**Task details:** All lines from the one containing "iDOLM@STER//idolmaster Cinderella Girls" through the final line of the listing below, and no others, must be returned exactly; no pictures belong in the copy.

**Input data:**
========

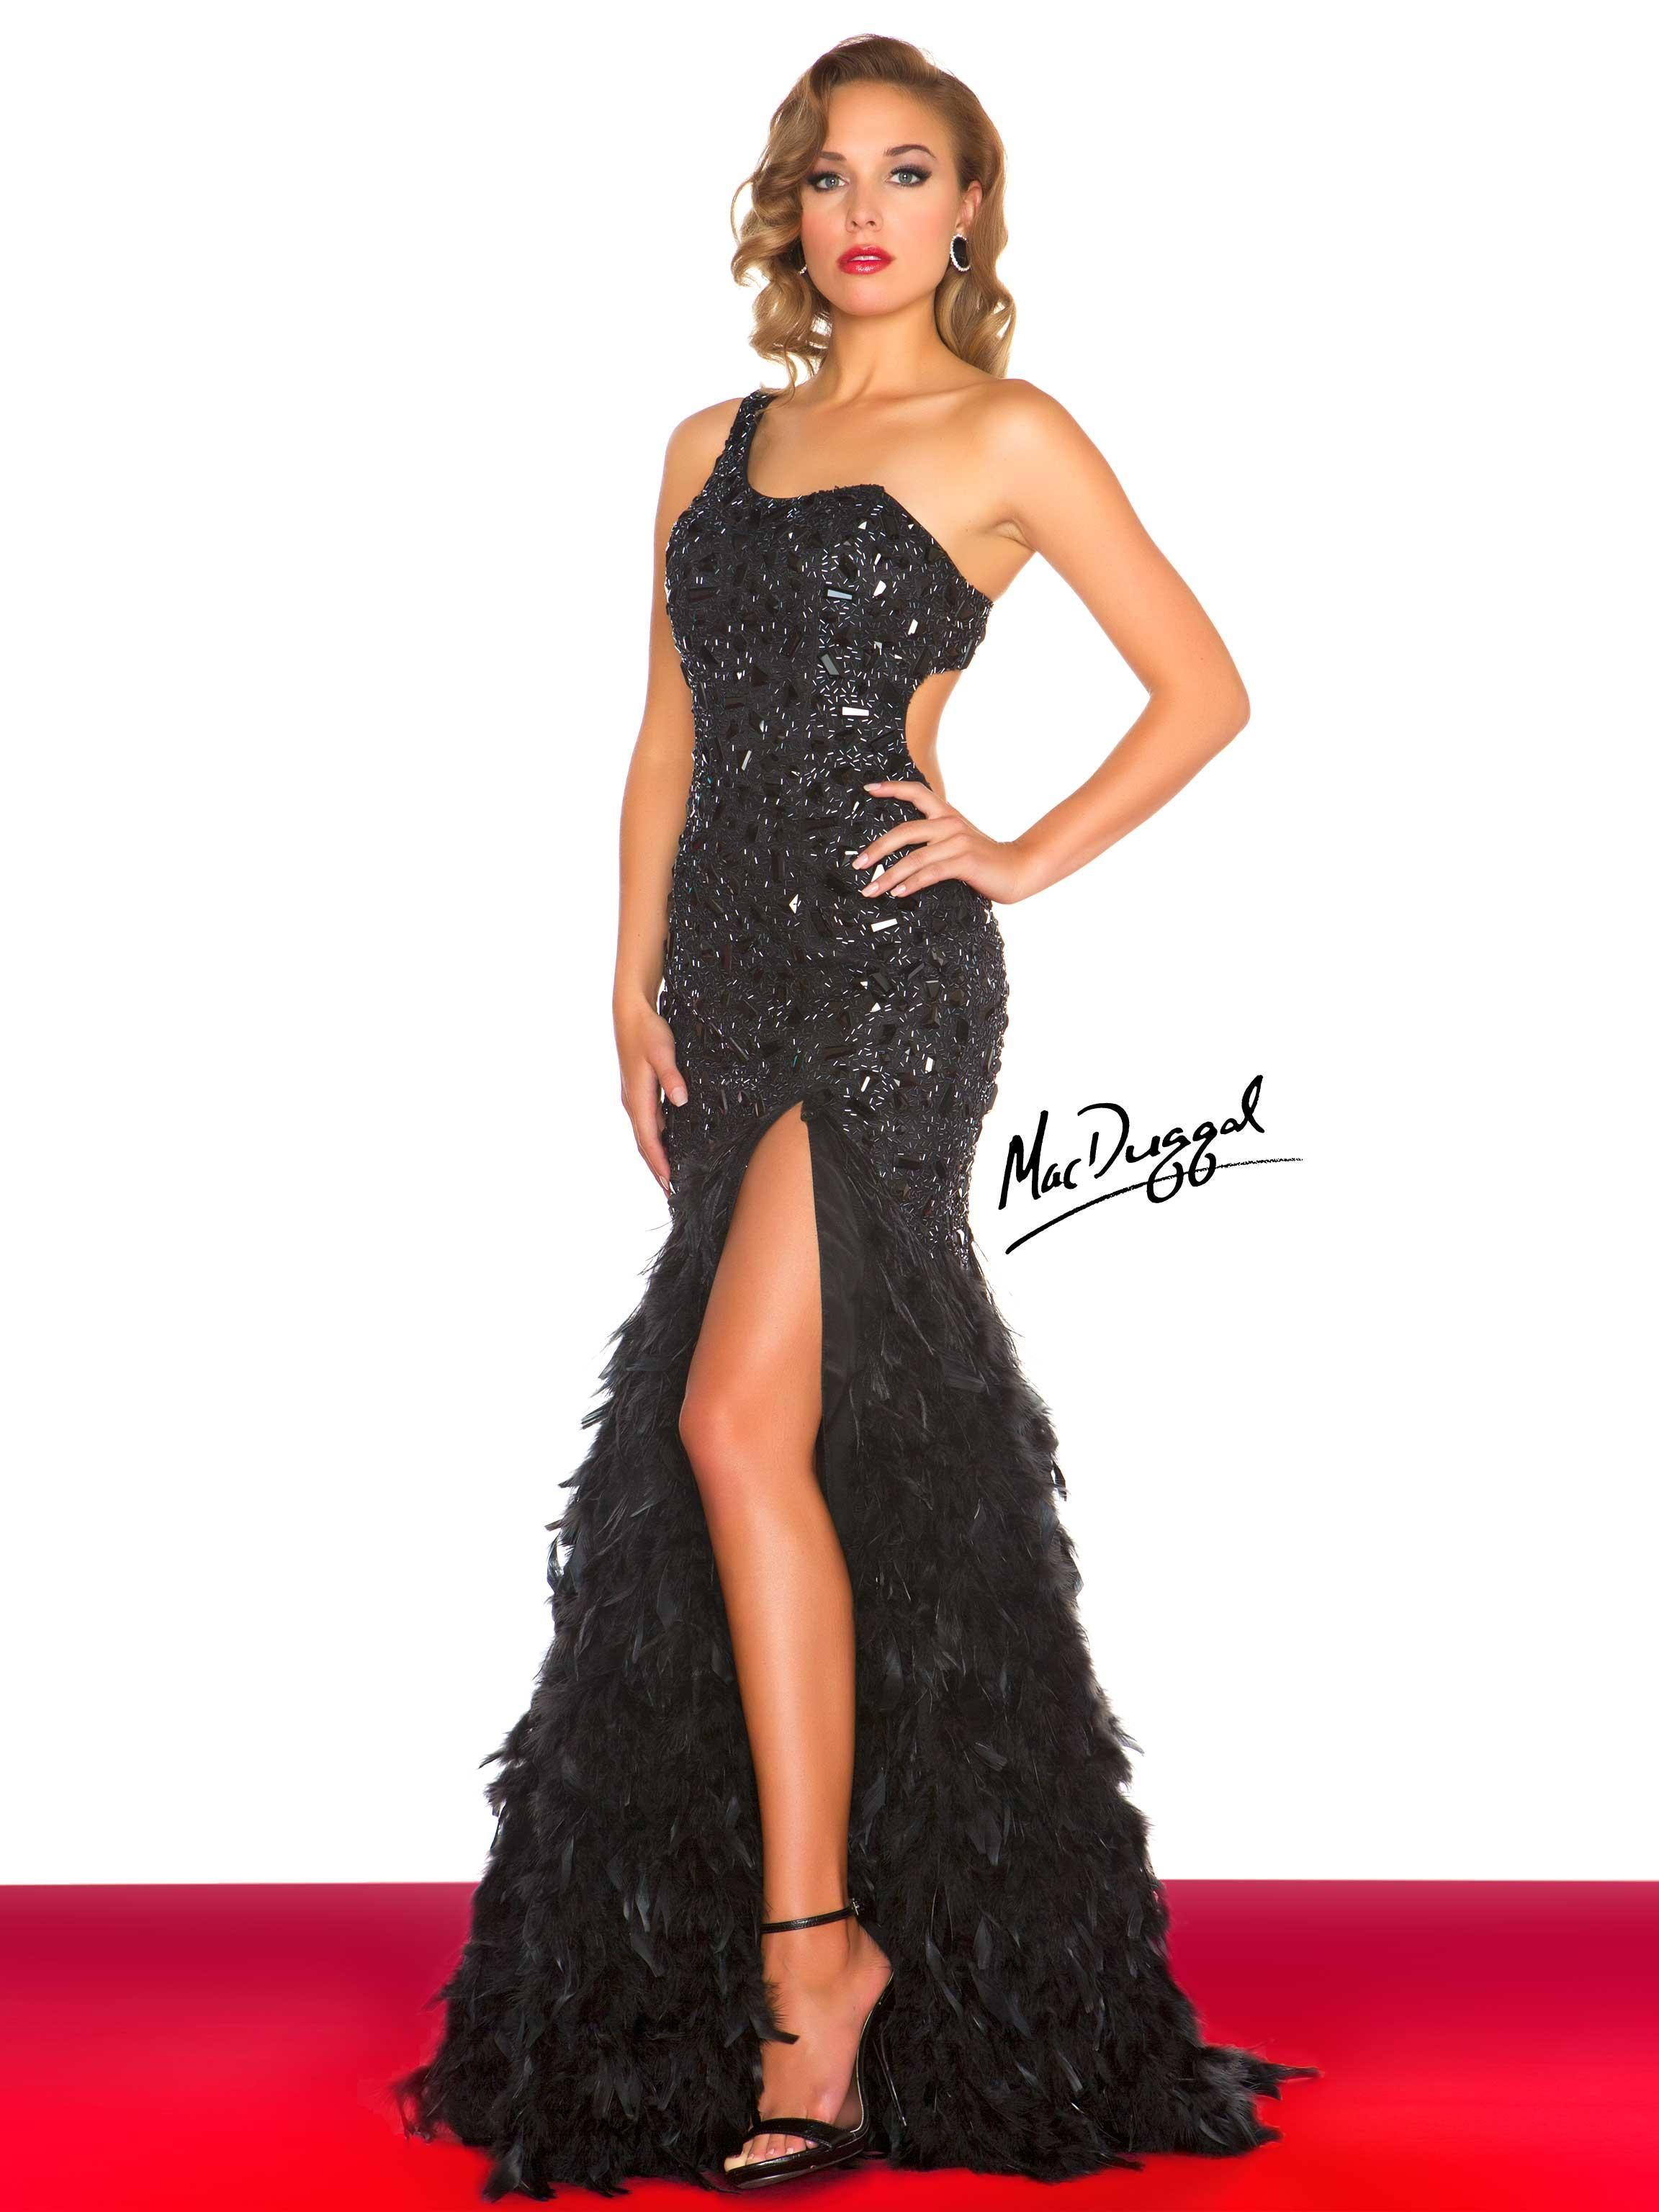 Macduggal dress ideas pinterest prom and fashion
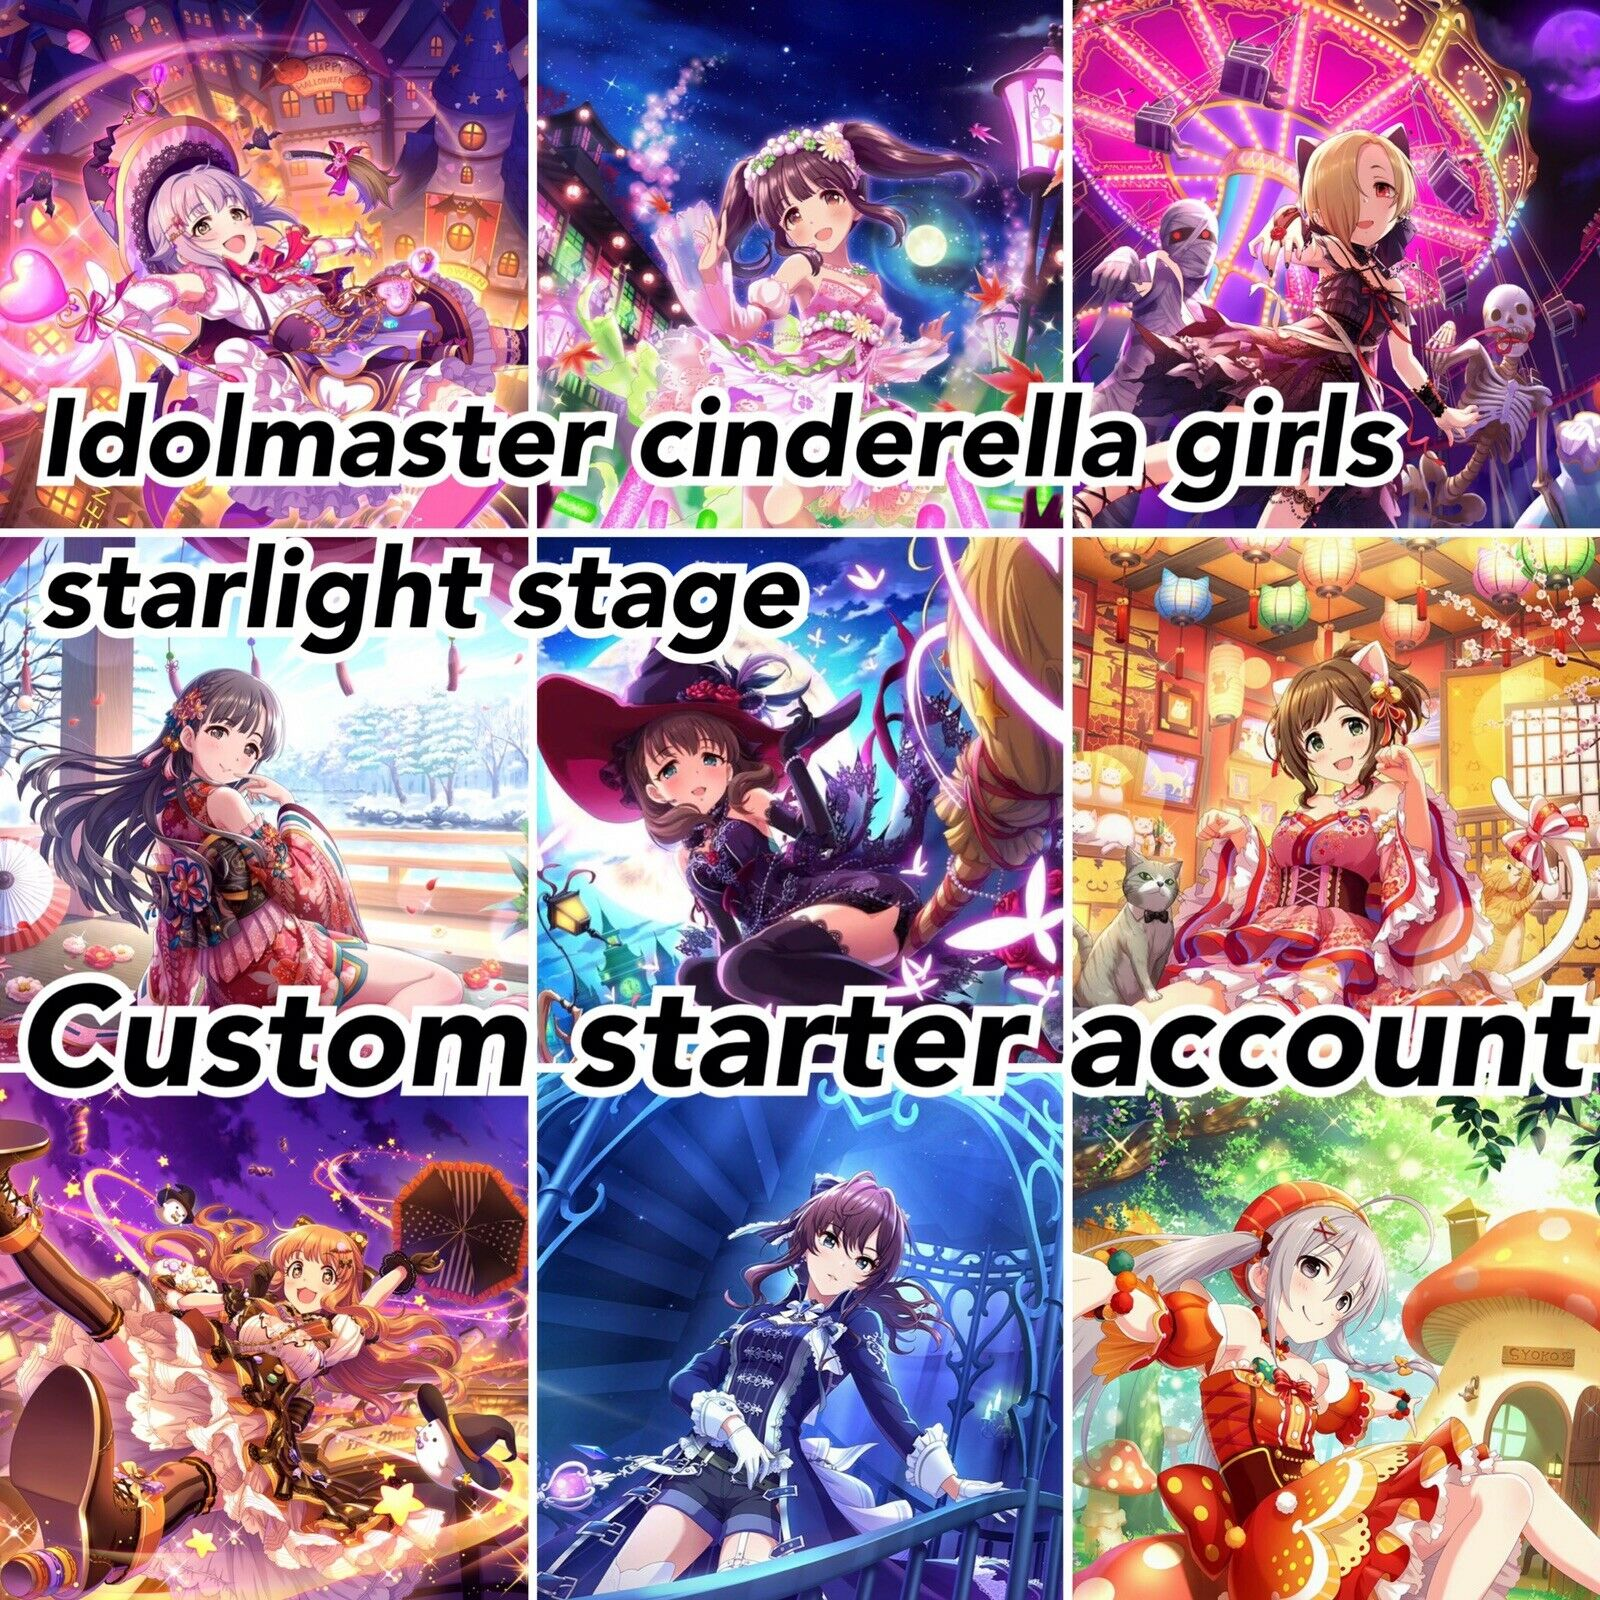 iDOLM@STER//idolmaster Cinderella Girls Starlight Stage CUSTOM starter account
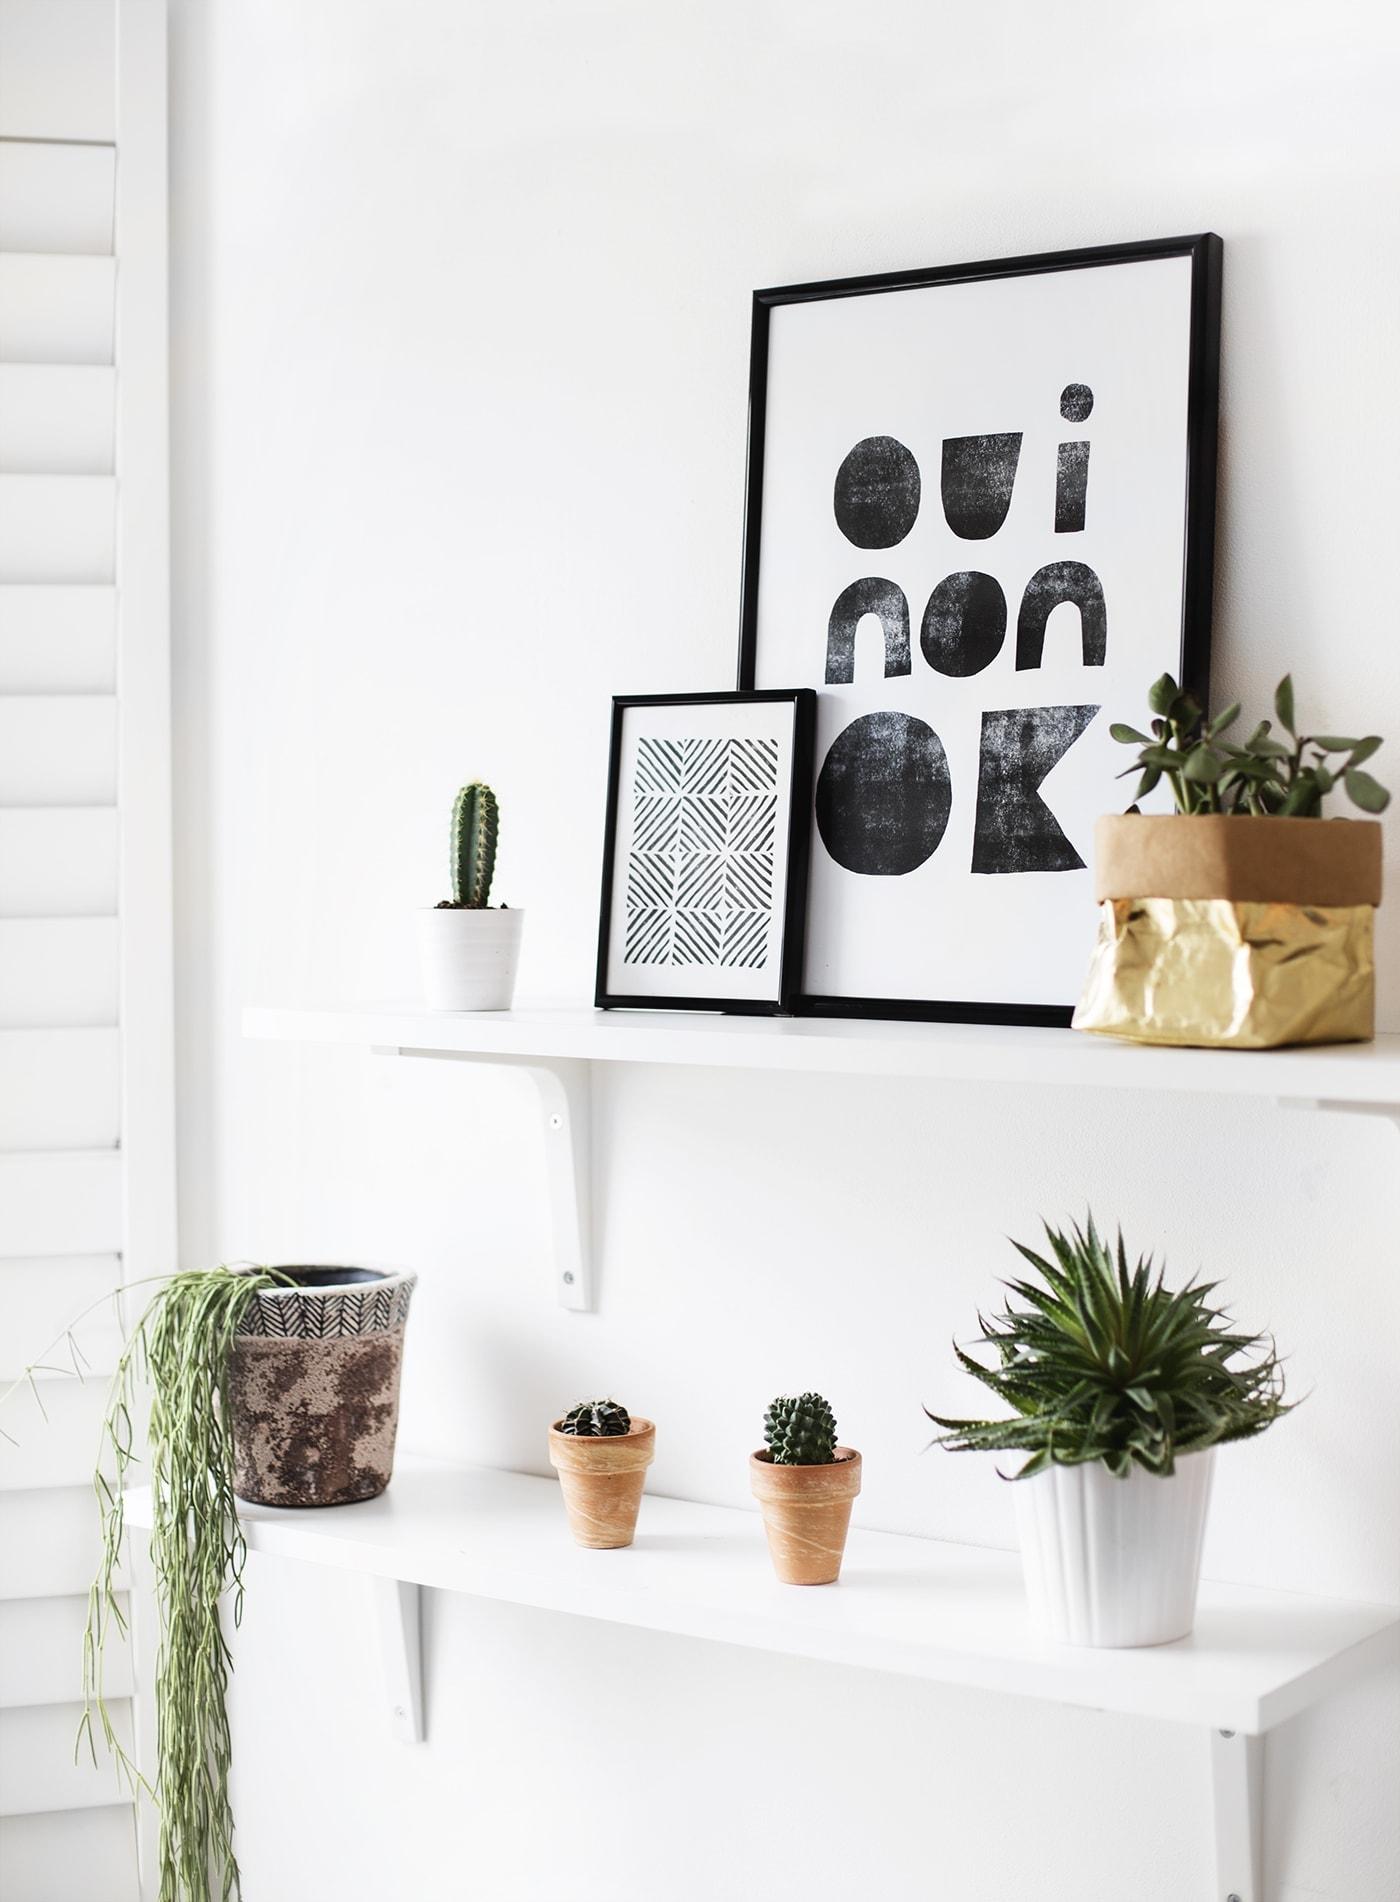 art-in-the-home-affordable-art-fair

========

**Answer section:**
 iDOLM@STER//idolmaster Cinderella Girls Starlight Stage CUSTOM starter account
 art-in-the-home-affordable-art-fair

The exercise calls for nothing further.